» Records shown
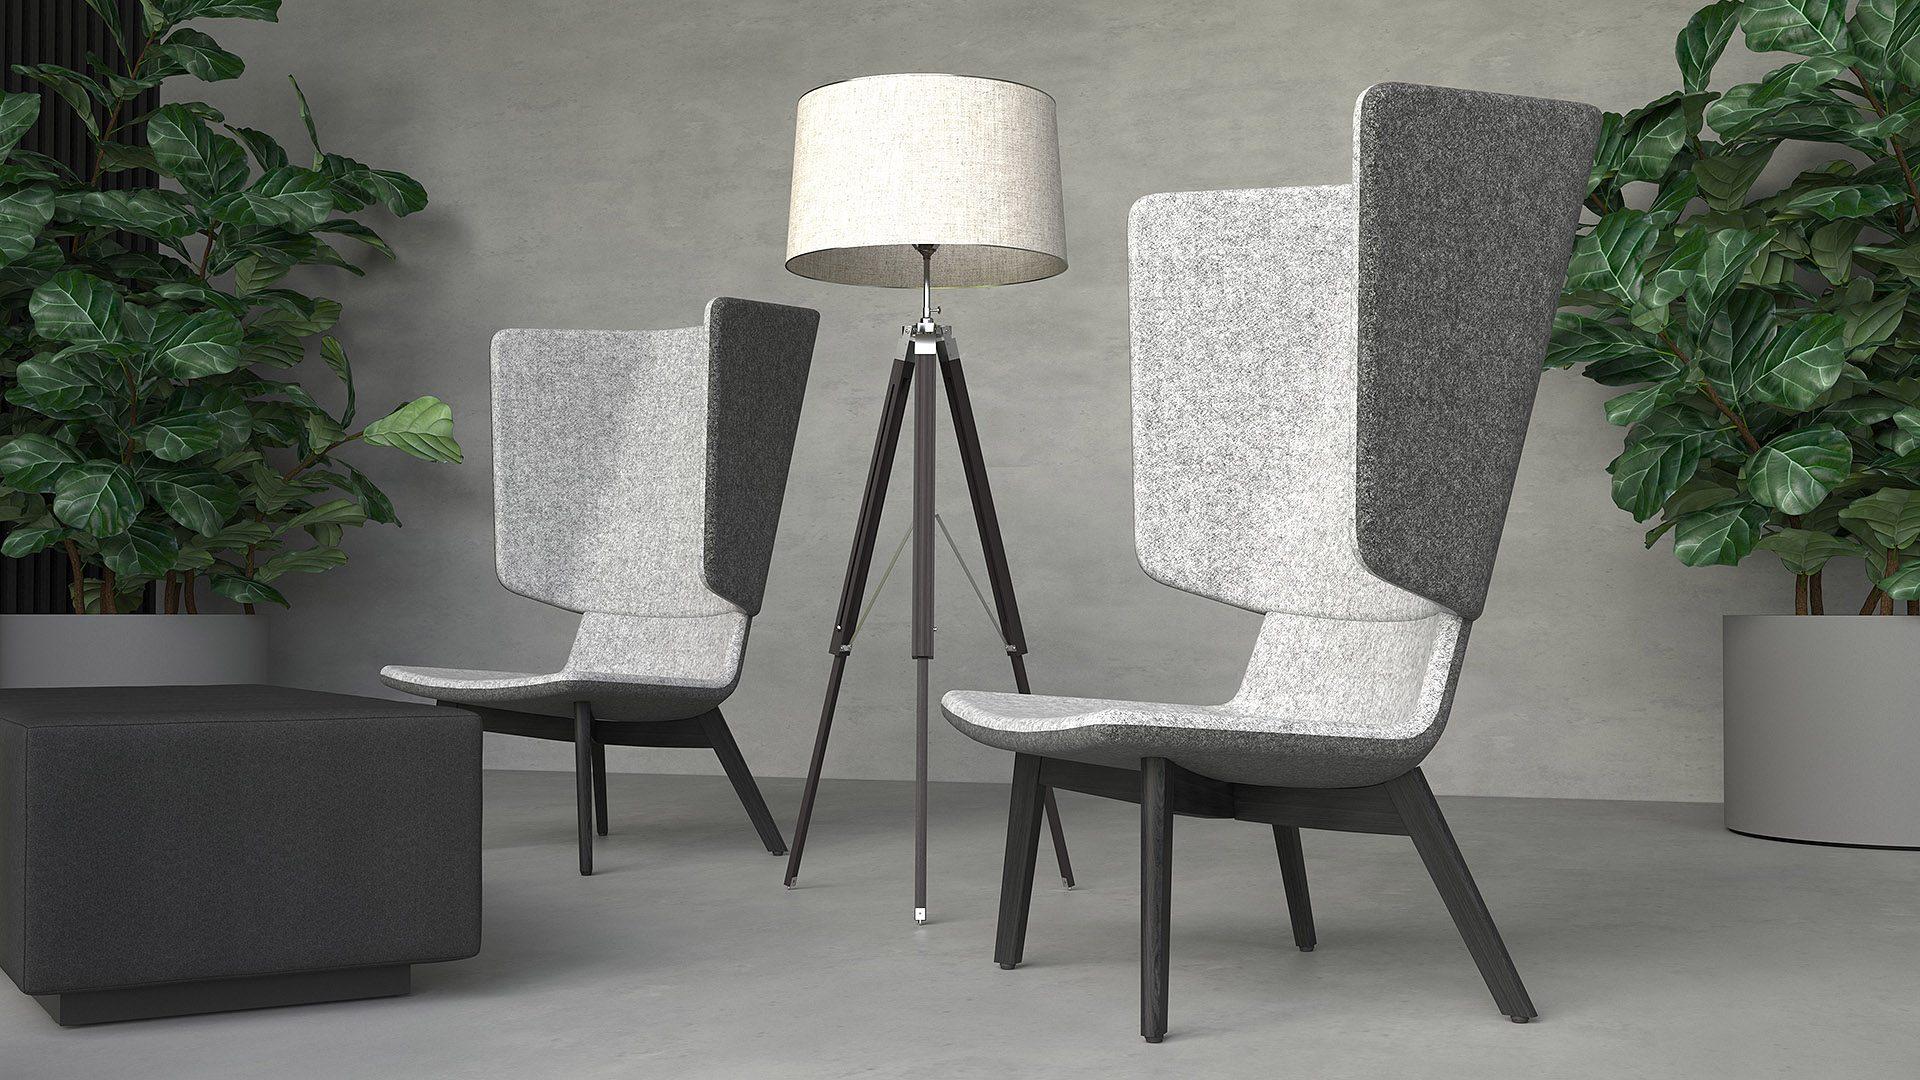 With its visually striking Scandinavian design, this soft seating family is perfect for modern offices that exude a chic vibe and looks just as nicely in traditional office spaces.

---

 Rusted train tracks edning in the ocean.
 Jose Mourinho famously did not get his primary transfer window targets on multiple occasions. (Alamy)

» Exercise description
In the listing above, find the line with "Rusted train tracks edning in the ocean." and the line with "Jose Mourinho famously". Output those two lines and every line between them, exactly as written.

» Written response
 Rusted train tracks edning in the ocean.
 Jose Mourinho famously did not get his primary transfer window targets on multiple occasions. (Alamy)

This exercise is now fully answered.